A pat on the back and a bottle of Man Up.


----------



## FunkyFedoras (Aug 30, 2013)

Imbored21 said:


> A pat on the back and a bottle of Man Up.


:lol


----------



## lonerchick (Feb 7, 2015)

For college? Accommodations aren't really a solution. If you can't get through class how do you expect to work?


----------



## Barakiel (Oct 31, 2013)

lonerchick said:


> If you can't get through class how do you expect to work?


I sure don't :|


----------



## hmweasley (Sep 12, 2013)

I don't. I'm pretty sure the only accommodations my school offers are for learning disabilities. I could be wrong though. I've never looked into it.

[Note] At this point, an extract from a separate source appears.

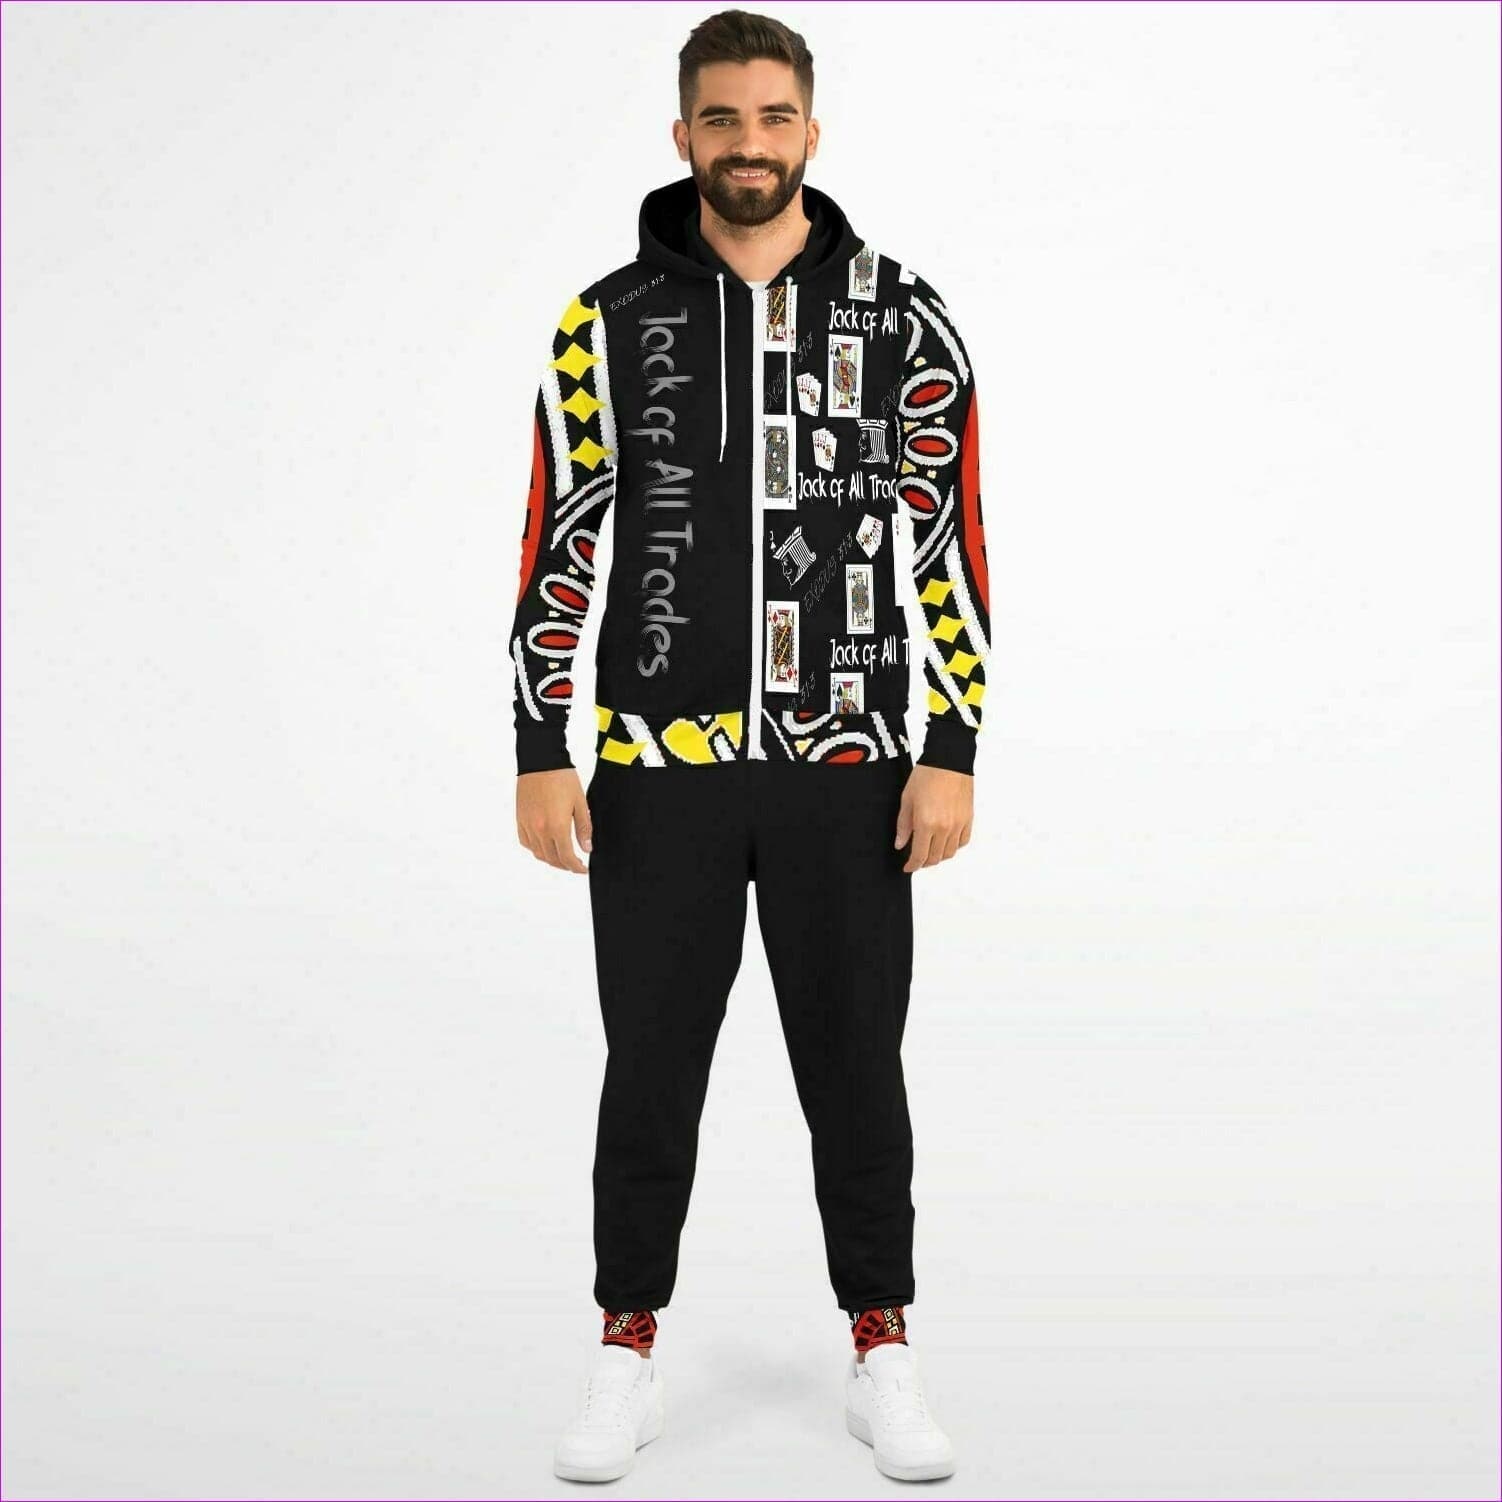 - Jack Of All Trades Men's Jogging Suit - Fashion Ziphoodie & Jogger - AOP at TFC&H Co.
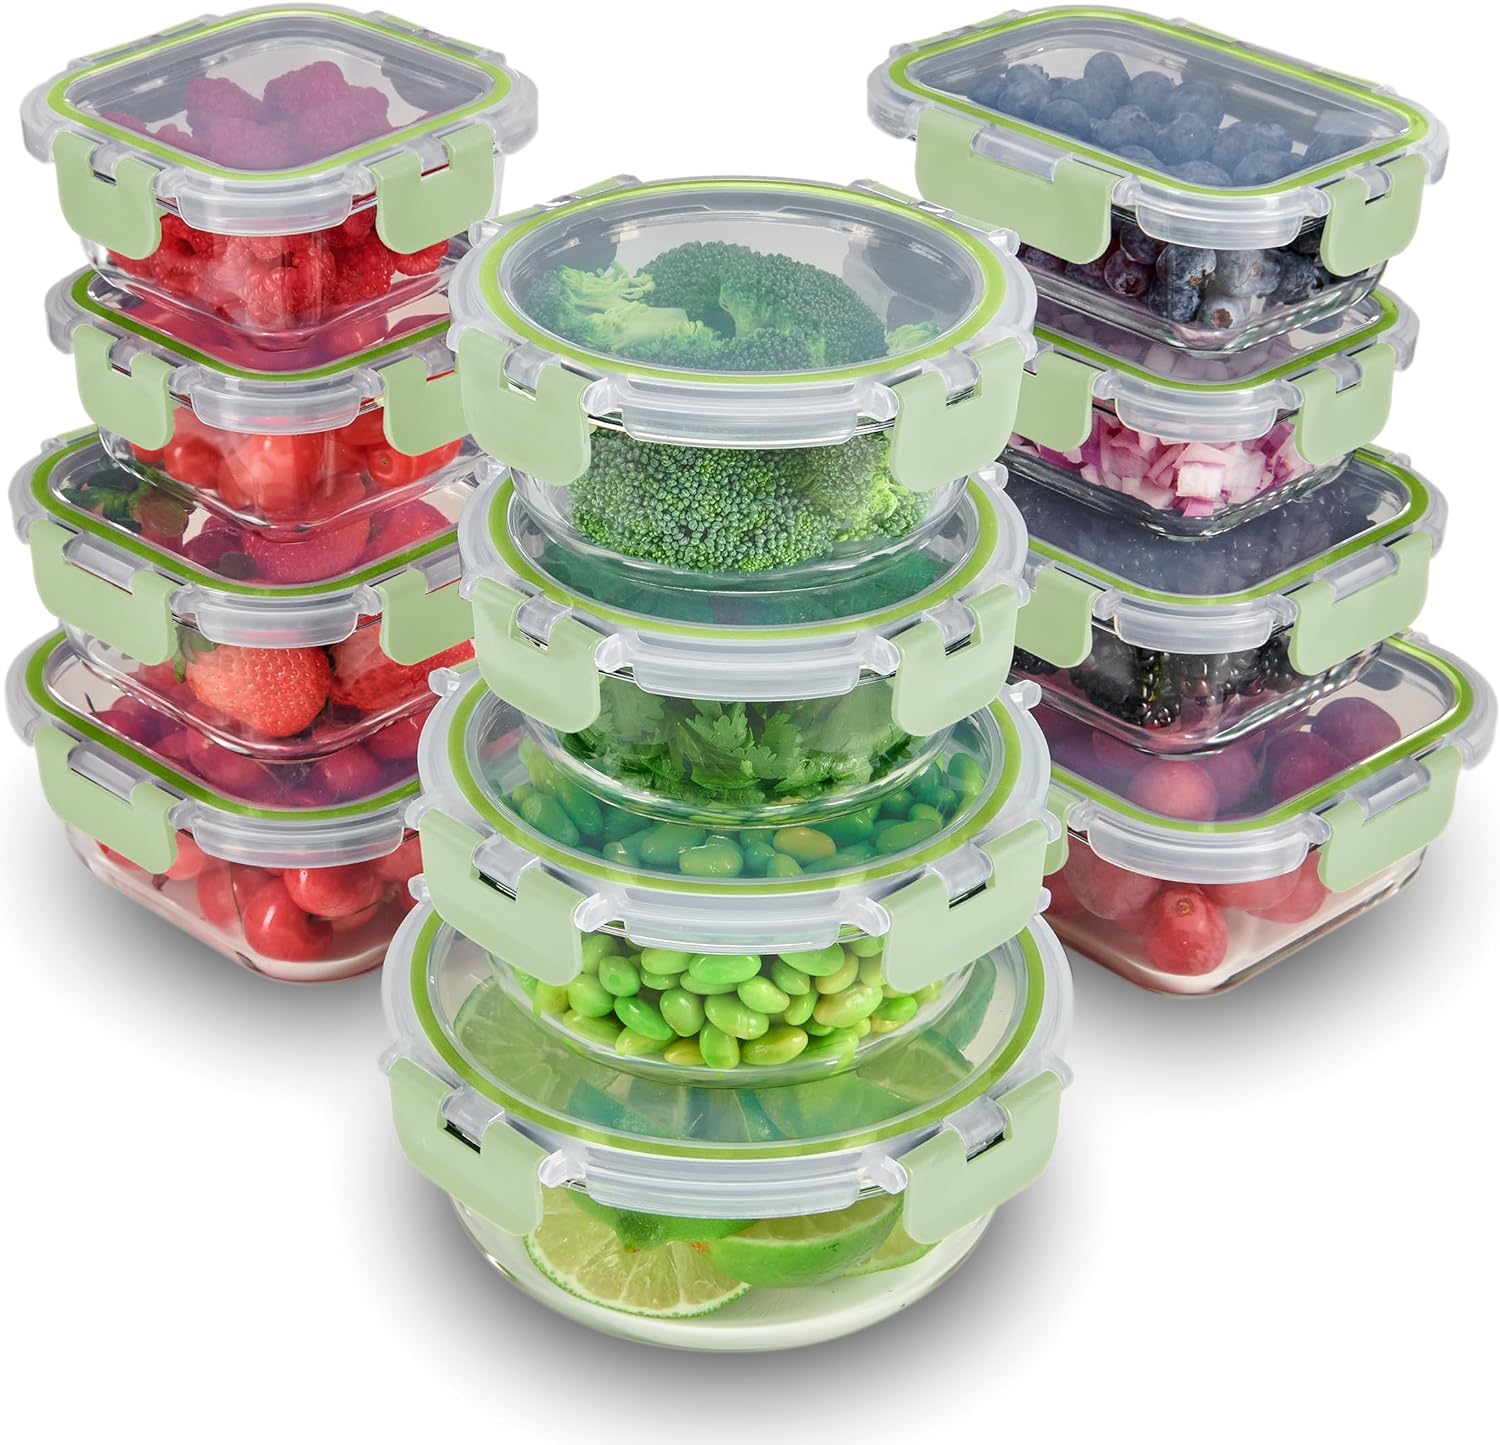 FineDine 24 Piece Glass Storage Containers with Lids - Leak Proof, Dishwasher Safe Glass Food Storage Containers for Meal Prep or Leftovers, Green

They do have free counseling here (although I think if they mostly refer you to someone else unless it's a one time thing), but I don't think they'd give any sort of accommodation for social anxiety.

The only thing close to it I can think of is my speech professor being really understanding. He still made me do what everyone else had to do, but he let me know (without being told I had social anxiety, just from what he observed in class) that he understood being frightened by speeches and would take that into consideration with our grades. Then he let me off of the improvised speech and just asked me a question about what we'd learned in class instead. That was done with about five of us, and it was supposed to be random, but I honestly think he chose me as one of the group on purpose. I was so thankful for that.


----------



## pingponger (Sep 8, 2014)

The accommodations here are the same for everything. The only thing they give me is 15 more minutes on a text or exam. Too bad it can't excuse me from classes sometimes.


----------



## velocicaur (Aug 8, 2009)

I posed this under his other thread... but more seem to be here so:

There is A LOT of things you can do. This is what I did.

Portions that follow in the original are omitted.